Promoting consumers’ green consumption is an important way to drive the low-carbon transition on the demand side and achieve sustainable development. Existing research mainly compares the persuasive effects of AI and human recommenders, with limited attention to how different types of AI recommenders and algorithmic matching frames can collaboratively promote online green purchasing. Through two studies, this work examines the impact of AI recommender types (thinking vs. feeling) and algorithmic matching frames (item-oriented vs. user-oriented) on online green purchasing intentions and their psychological mechanisms. The results indicate that there is a significant interaction effect; combining thinking AI with an item-oriented frame is more effective in enhancing purchasing intentions, while combining feeling AI with a user-oriented frame is even more effective.
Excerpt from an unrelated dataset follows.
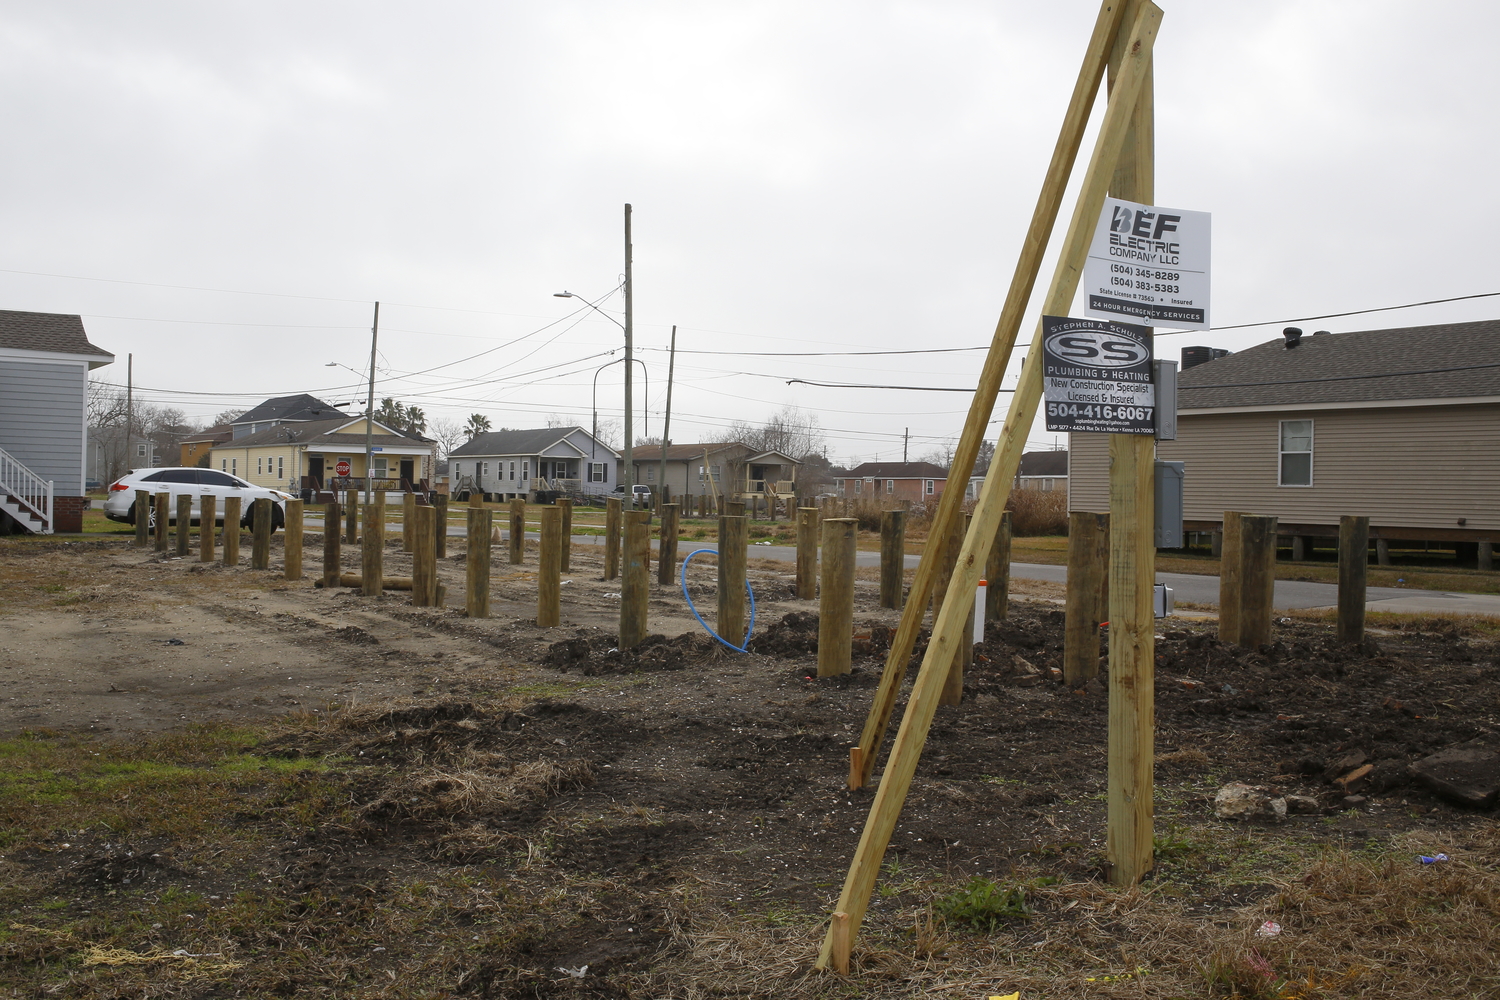 Constructions des fondations sur pilotis d’une nouvelle maison © Globe Reporters

Furthermore, in the thinking AI context, the item-oriented frame enhances purchasing intentions by increasing perceived product efficacy; in the feeling AI context, the user-oriented frame functions by enhancing perceived social identification. This work reveals the interaction between AI recommender types and algorithmic matching frames, as well as their differentiated psychological mechanisms. It expands the application of Schema Congruity Theory in AI-driven green consumption contexts and provides practical insights for digital platforms to develop AI recommendation and information intervention strategies.